Entertainment references to stay, or E.T. phone home?

Opinions-Movie-and-TV-refrences-1

Formerly published in The Other Press. Mar. 26 2013

communication crutch

By Elliot Chan, Staff Writer

The wonderful world of entertainment has created a fictional place we can all live in. Sadly though, the matrix of our lives takes place not with Neo, but in the real world.

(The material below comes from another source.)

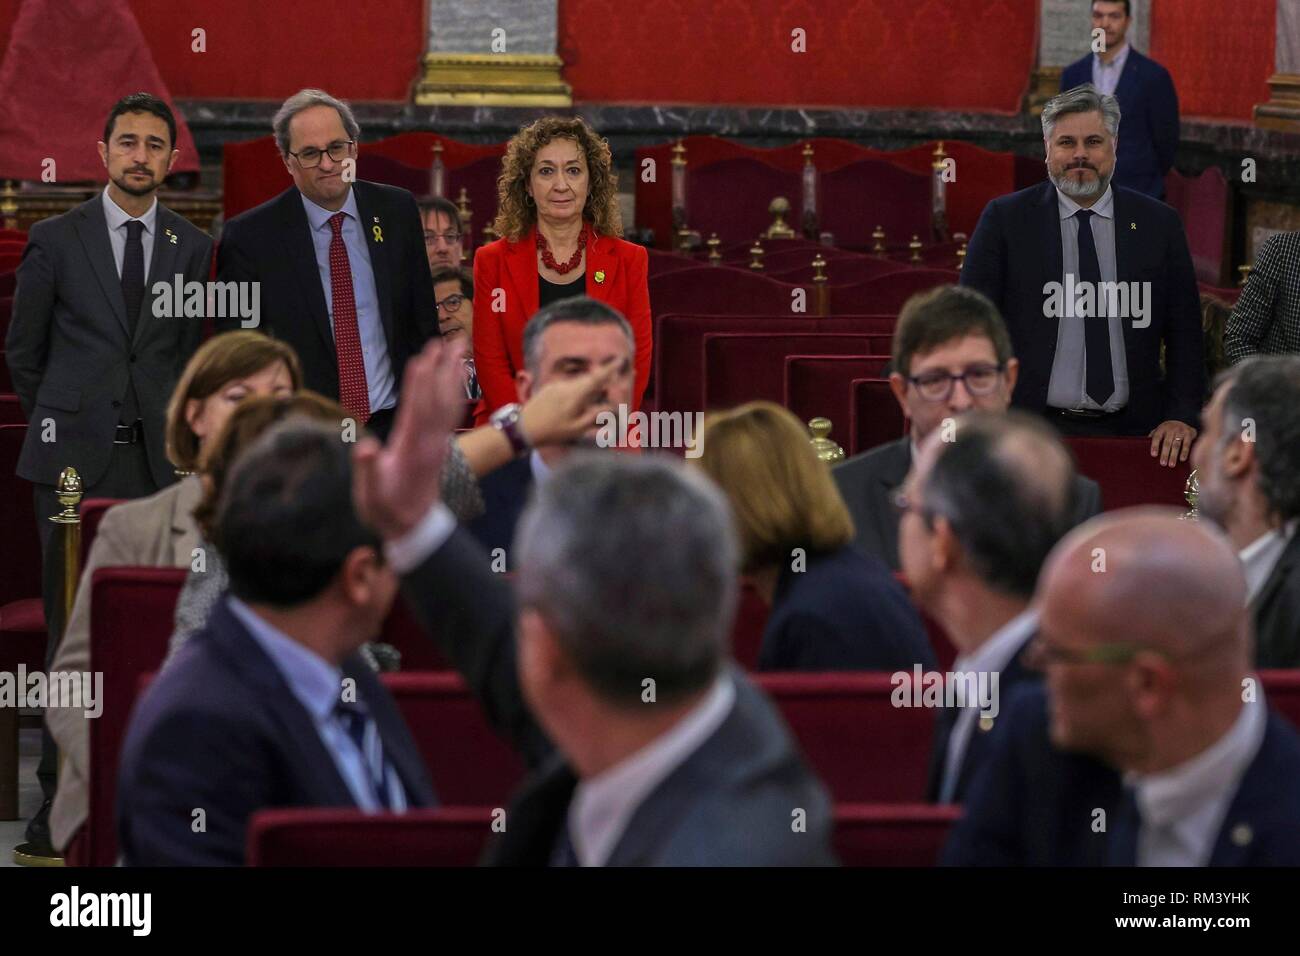 GRAF5792 MADRID, 12/02/2019.- El presidente de la Generalitat Quim Torra (2i, detrás), acompañado por el consejero de Territorio, Damiá Calvet (i) y la consejera de Justicia, Ester Capella (d), saluda a los líderes independentistas acusados por el proceso soberanista catalán que derivó en la celebración del 1-O y la declaración unilateral de independencia de Cataluña (DUI), durante la primera jornada del juicio del 'procés' celebrada este martes en el Tribunal Supremo. EFE/Emilio Naranjo ***POOL***  'Proces ' trial against Catalan separatist leaders in Supreme Court in Madrid, Spain, February  Stock Photo
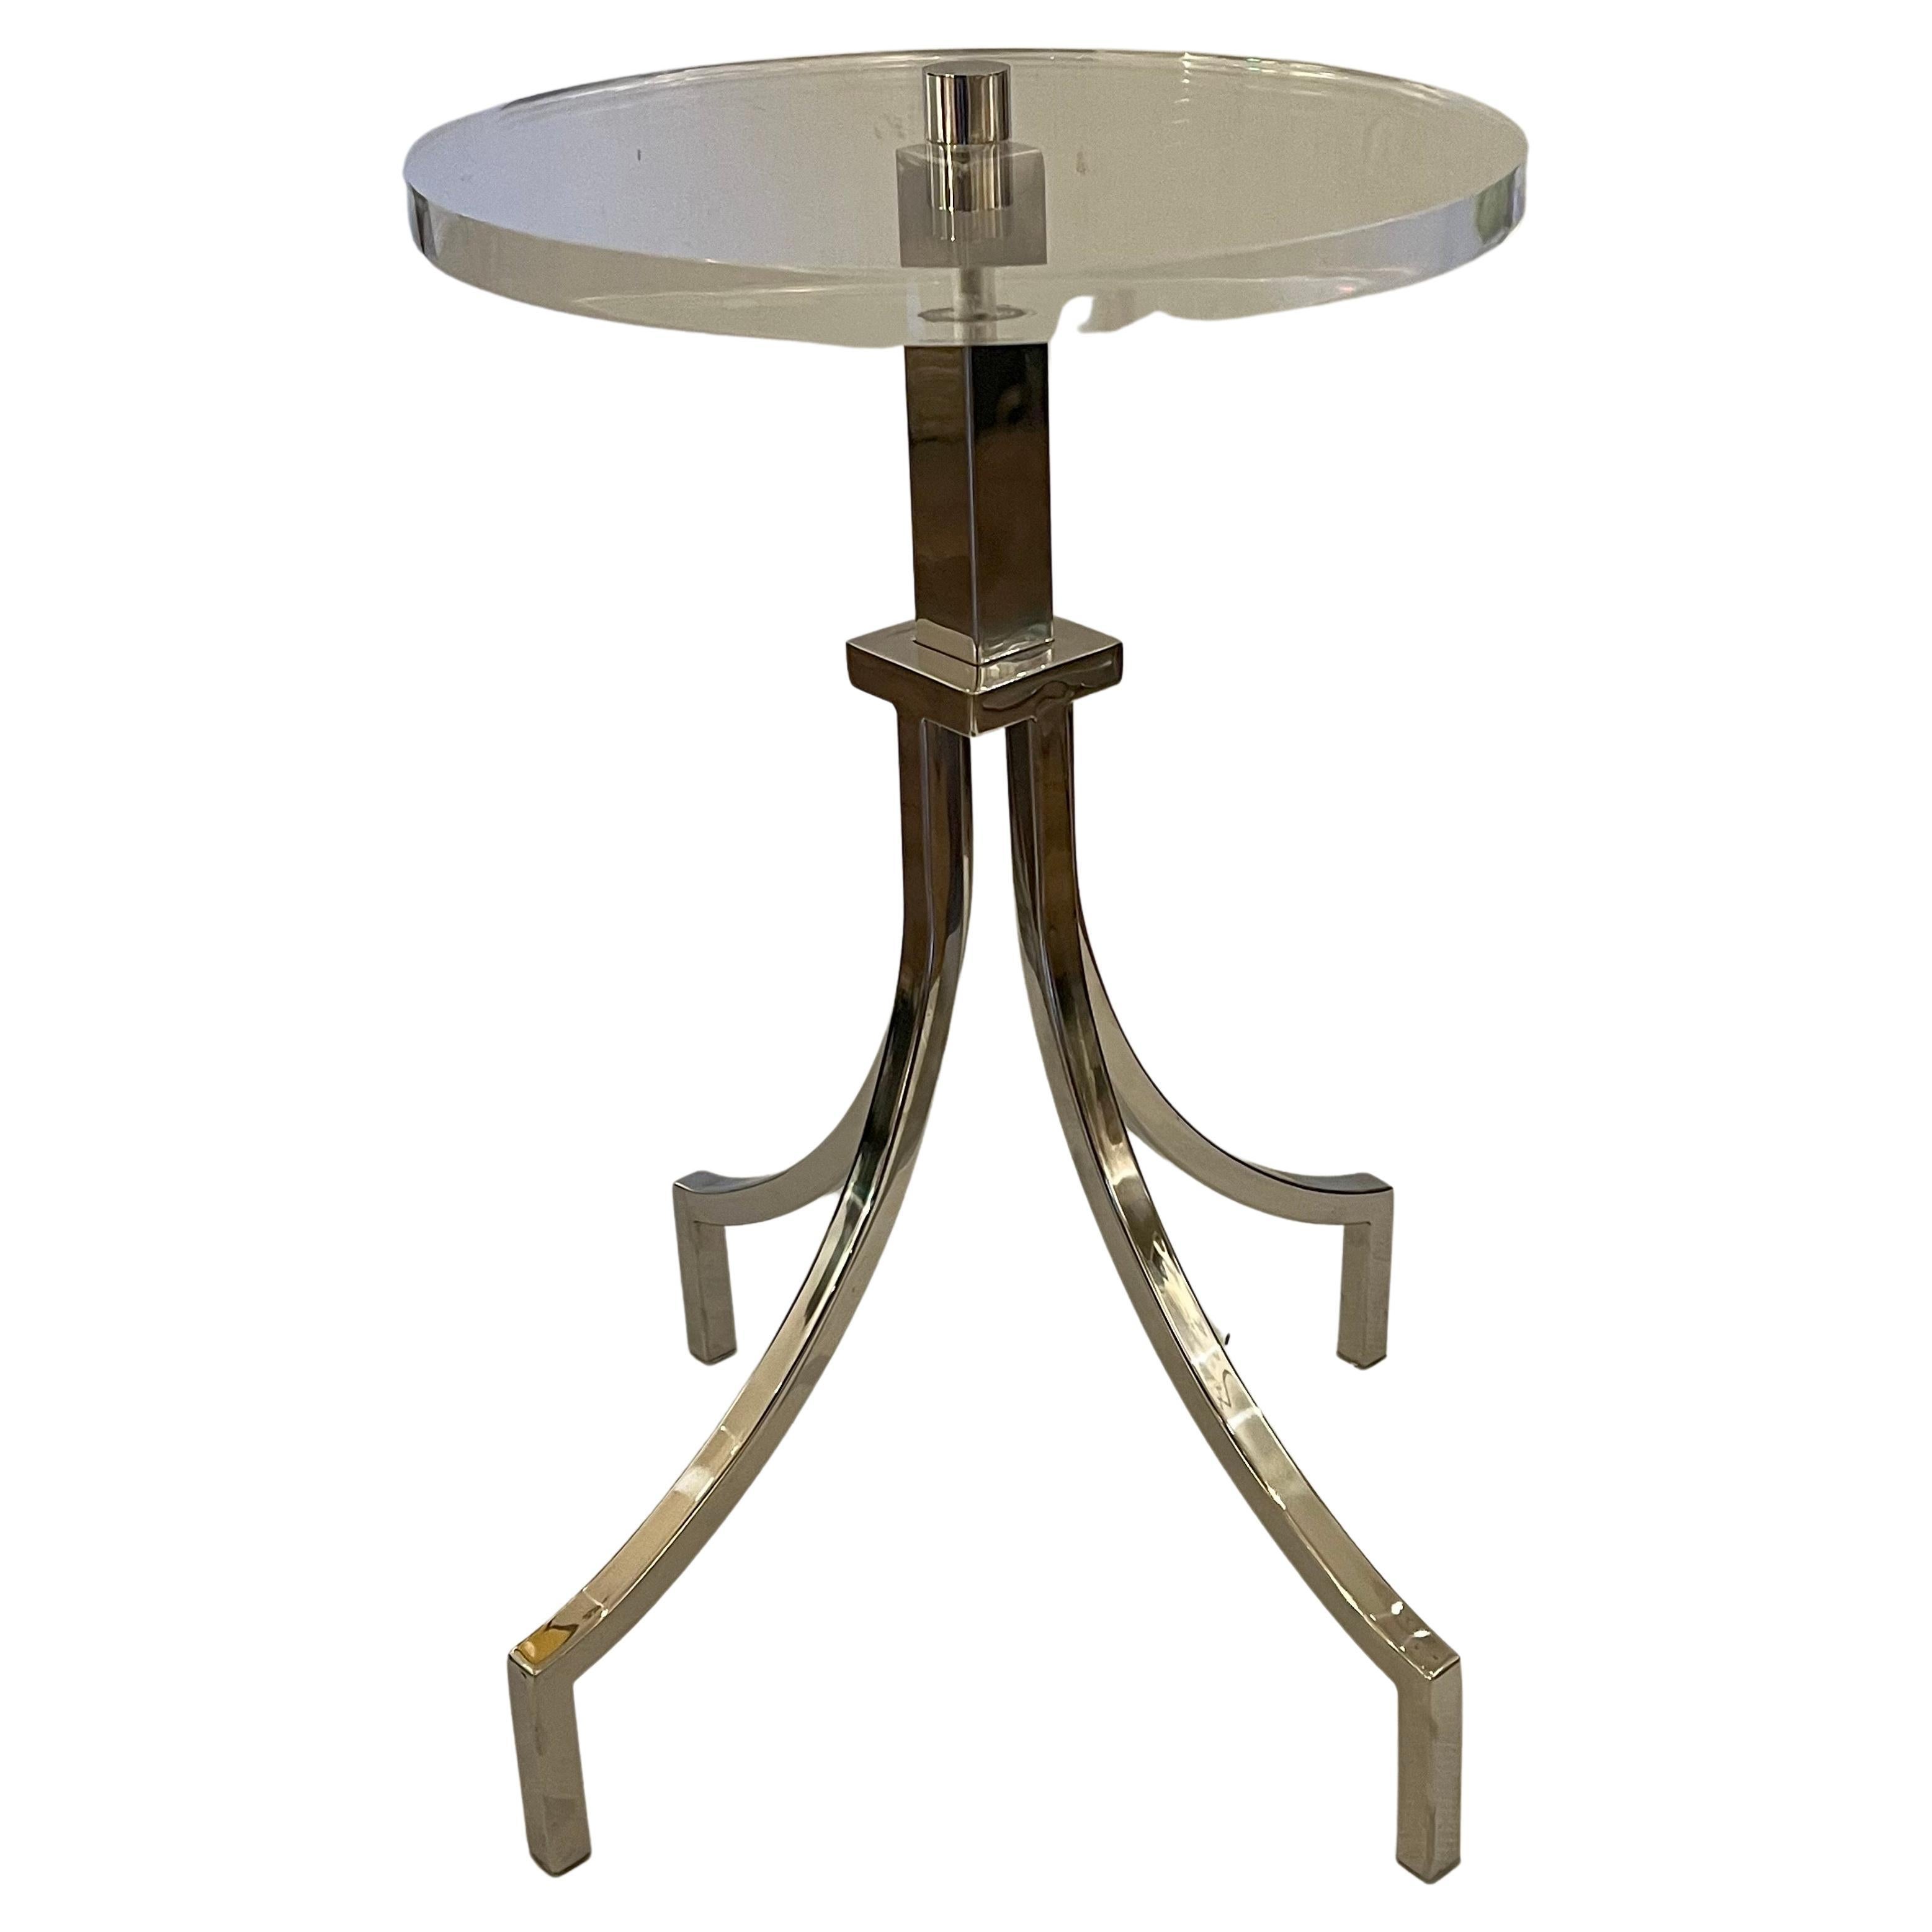 Magnifique table de cocktail élégante de type Elegon, en acier nickelé et plateau rond en lucite d'une épaisseur de 1

It might seem contradictory arguing against movie and television references by using one myself, but I just wanted to give an example of their effectiveness—or lack thereof. A big mistake is assuming everybody has the same taste and entertainment memory as you do. Since Seinfeld ended and The Simpsons did whatever it did, there hasn’t been a television show I could reference to get my exact point across. I try to stay well versed, watching a little of this and a little of that so I can hold my own in conversations, but few others do. Most are committed to a couple of television shows and a limited number of movies. Oftentimes, I use a quote and end up explaining the concept of the scene, the characters, and even the whole program itself.

But worse than having to explain a reference is having to listen to someone else explain one. “Have you seen the episode of the Big Bang Theory where…?” And I stare at them, my eyes glazed over as they try to paint the picture of Leonard doing something that resembles the situation we’re currently in. It’s unsettling watching a crowd happily discuss a television show you have no interest in or haven’t caught up on. You simply stand at the perimeter, lacking interest or fearful that your show will be ruined.

Similar to telling someone about your dream, referencing a movie the other person hasn’t seen isn’t even worth talking about. Sure, it can be a nice detour from the normal small talk of weather, traffic, and work, but like most detours, it’s only used when something is already broken: the conversation.

Getting a cheap laugh by referencing a Family Guy or South Park episode seems like fun, but the truth is it shows people your limited creativity. There are people at parties who are the centre of attention merely for memorizing Peter Griffin quotes, but nobody really cares about those people or finds them interesting.

If you want to reference something, make sure the person you are speaking to knows about it beforehand. If they don’t, don’t bother explaining it, because the magic is already lost. There is plenty to talk about, so don’t go on and on trying to describe the blonde guy from Clerks. You know… urgh… what’s his name? You know, you’ve seen it right? Let’s move on.